Every line of the listing must be reproduced as it stands. Leave the images behind.

Collected data:
Start of Block

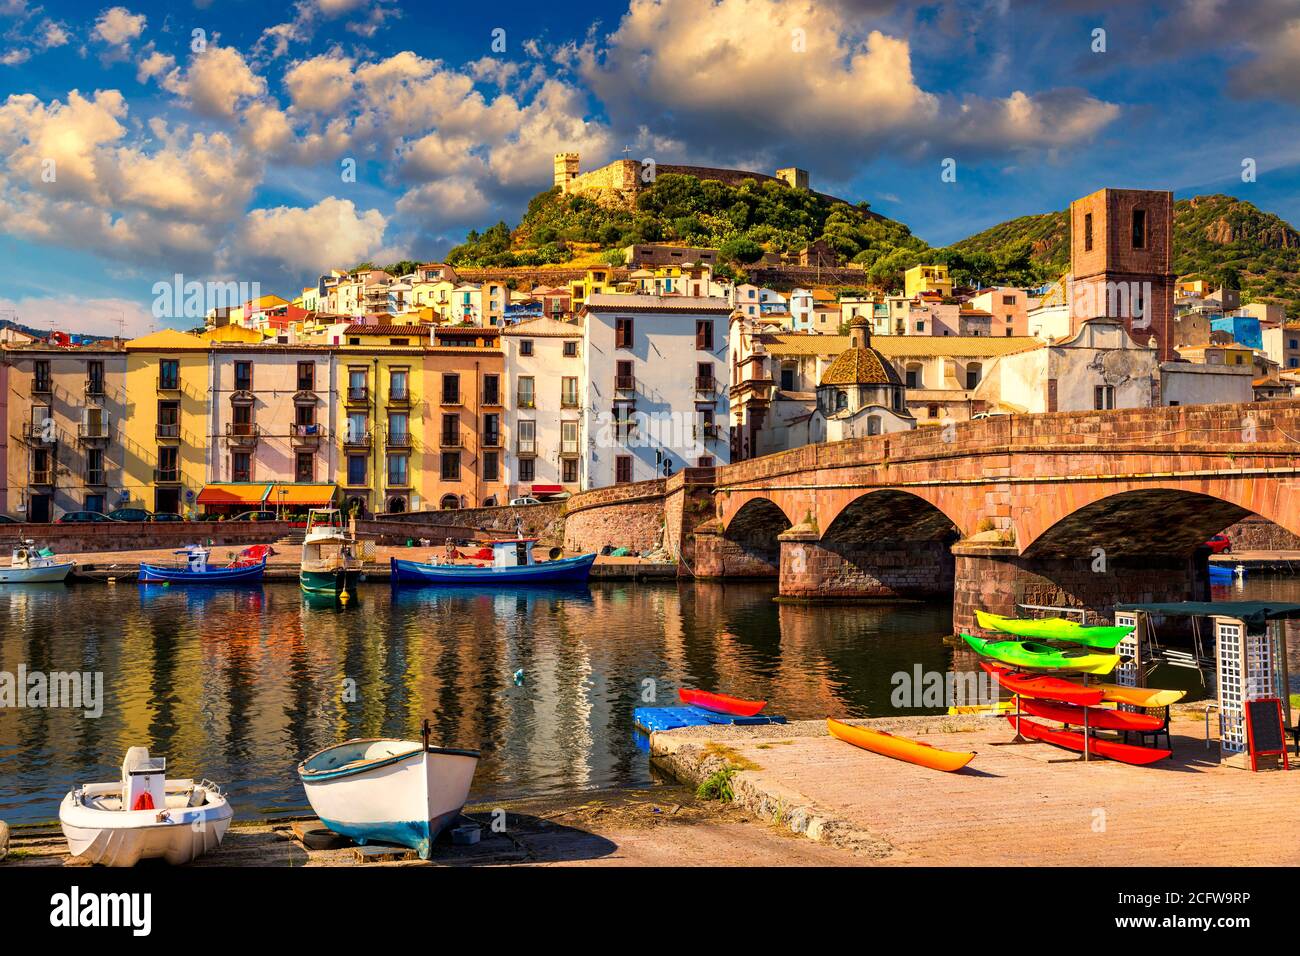 Schöne Sicht auf Bosa Stadt, Sardinien Insel, Italien. Reiseziel. Bosa Stadt mit Ponte Vecchio Brücke über den Fluss Temo. Wunderbarer Morgen Stockfoto
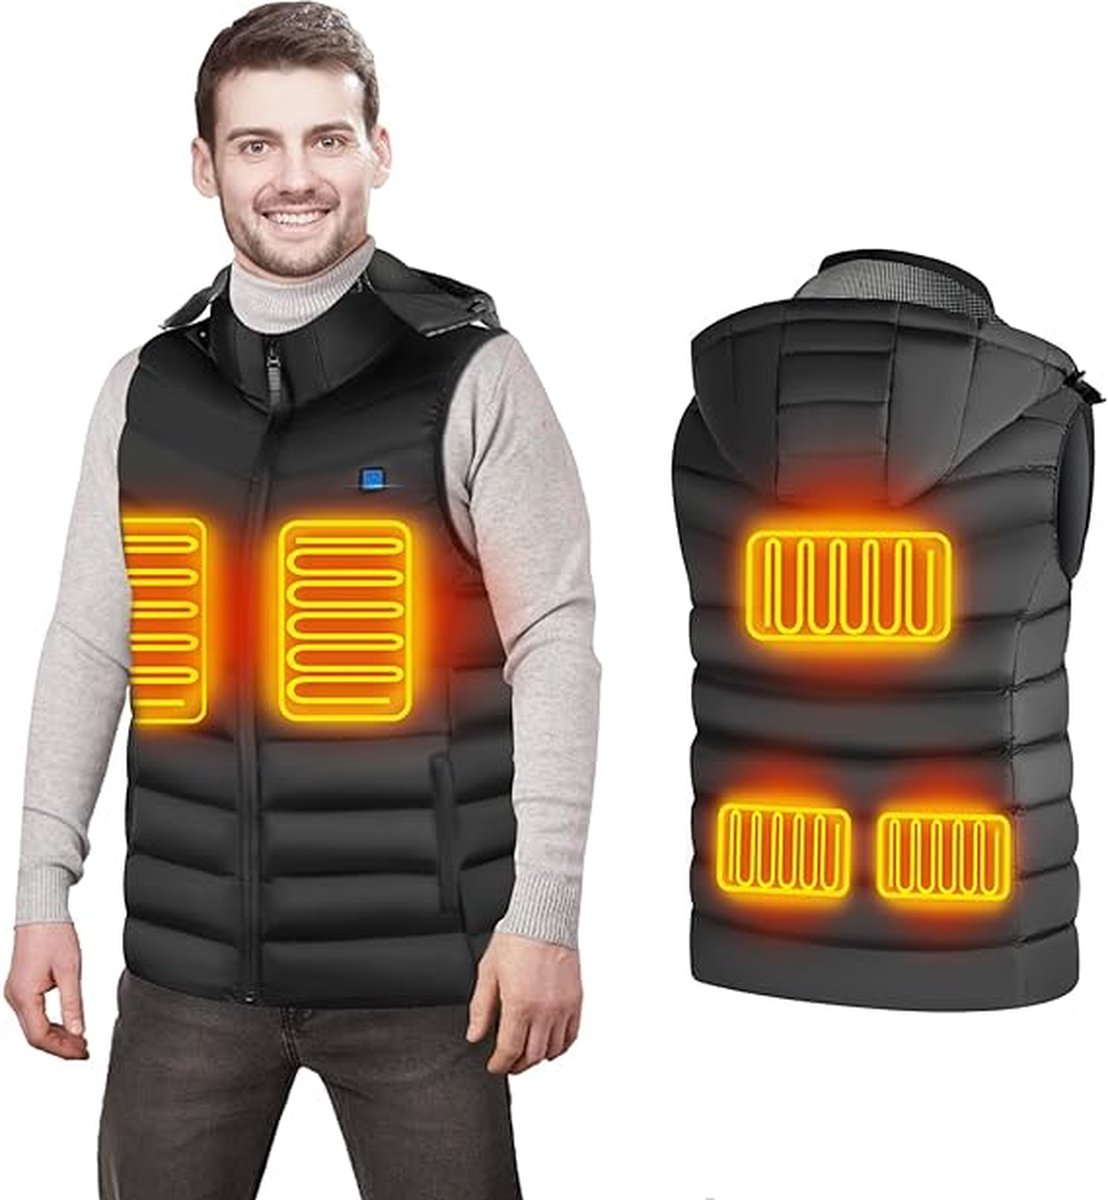 USB verwarmd vest - Voor dames en heren - Maat L - Bodywarmer met 3 warmte niveaus - 5 verwarming zones - Afneembare capuchon - Verstelbare temperatuur - Zwart
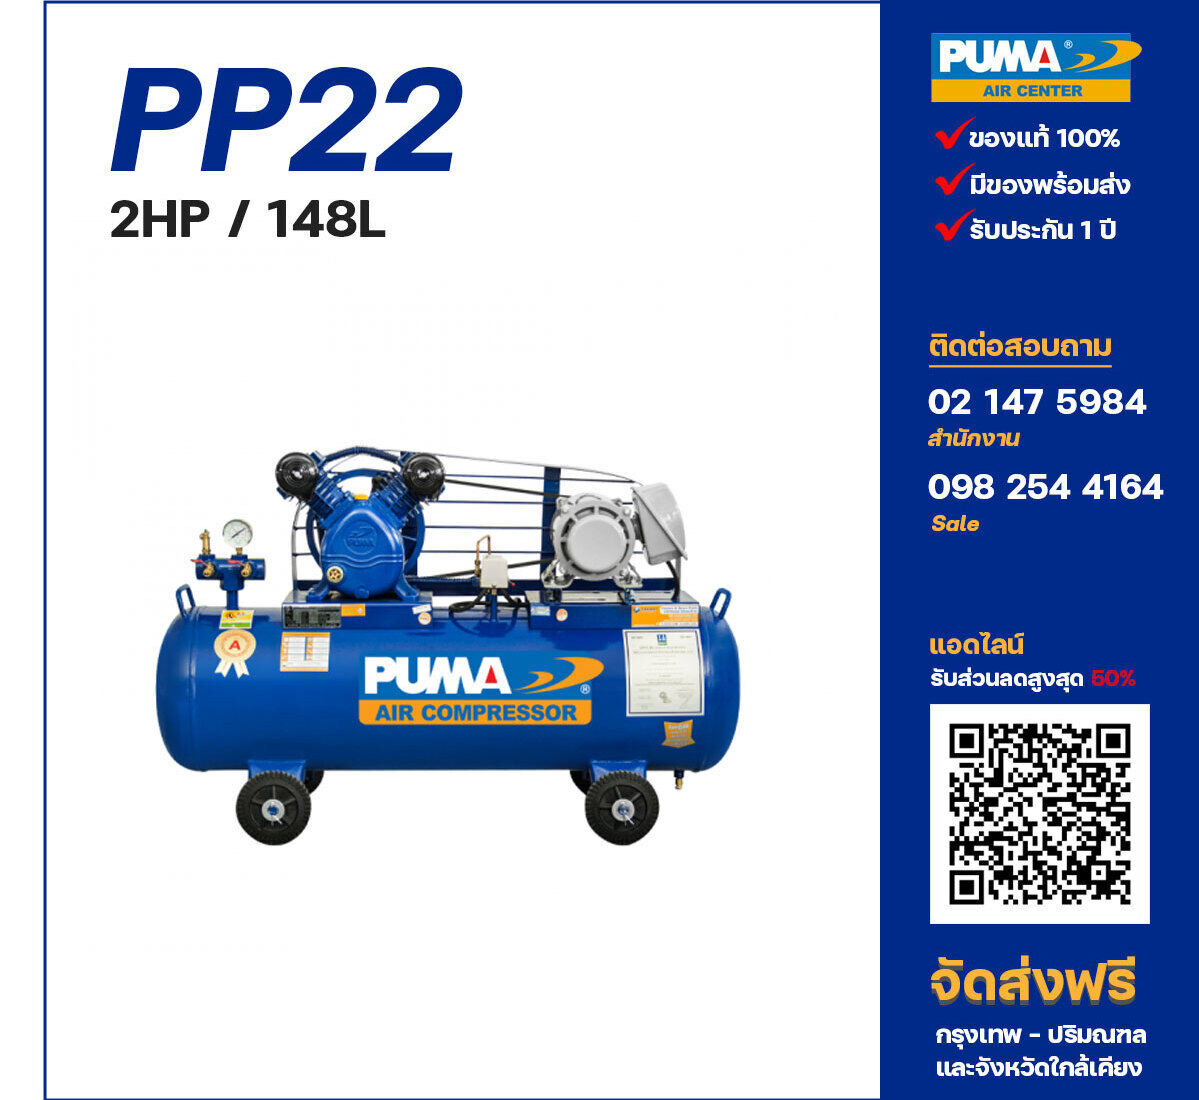 ปั๊มลมพูม่า PUMA PP22-PPM220V ปั๊มลมลูกสูบ ขนาด 2 สูบ 2 แรงม้า 148 ลิตร PUMA พร้อมมอเตอร์ PUMA ไฟ 220V ส่งฟรี กรุงเทพฯ-ปริมณฑล รับประกัน 1 ปี

End of Block

Result of the task:
 Schöne Sicht auf Bosa Stadt, Sardinien Insel, Italien. Reiseziel. Bosa Stadt mit Ponte Vecchio Brücke über den Fluss Temo. Wunderbarer Morgen Stockfoto
 USB verwarmd vest - Voor dames en heren - Maat L - Bodywarmer met 3 warmte niveaus - 5 verwarming zones - Afneembare capuchon - Verstelbare temperatuur - Zwart
 ปั๊มลมพูม่า PUMA PP22-PPM220V ปั๊มลมลูกสูบ ขนาด 2 สูบ 2 แรงม้า 148 ลิตร PUMA พร้อมมอเตอร์ PUMA ไฟ 220V ส่งฟรี กรุงเทพฯ-ปริมณฑล รับประกัน 1 ปี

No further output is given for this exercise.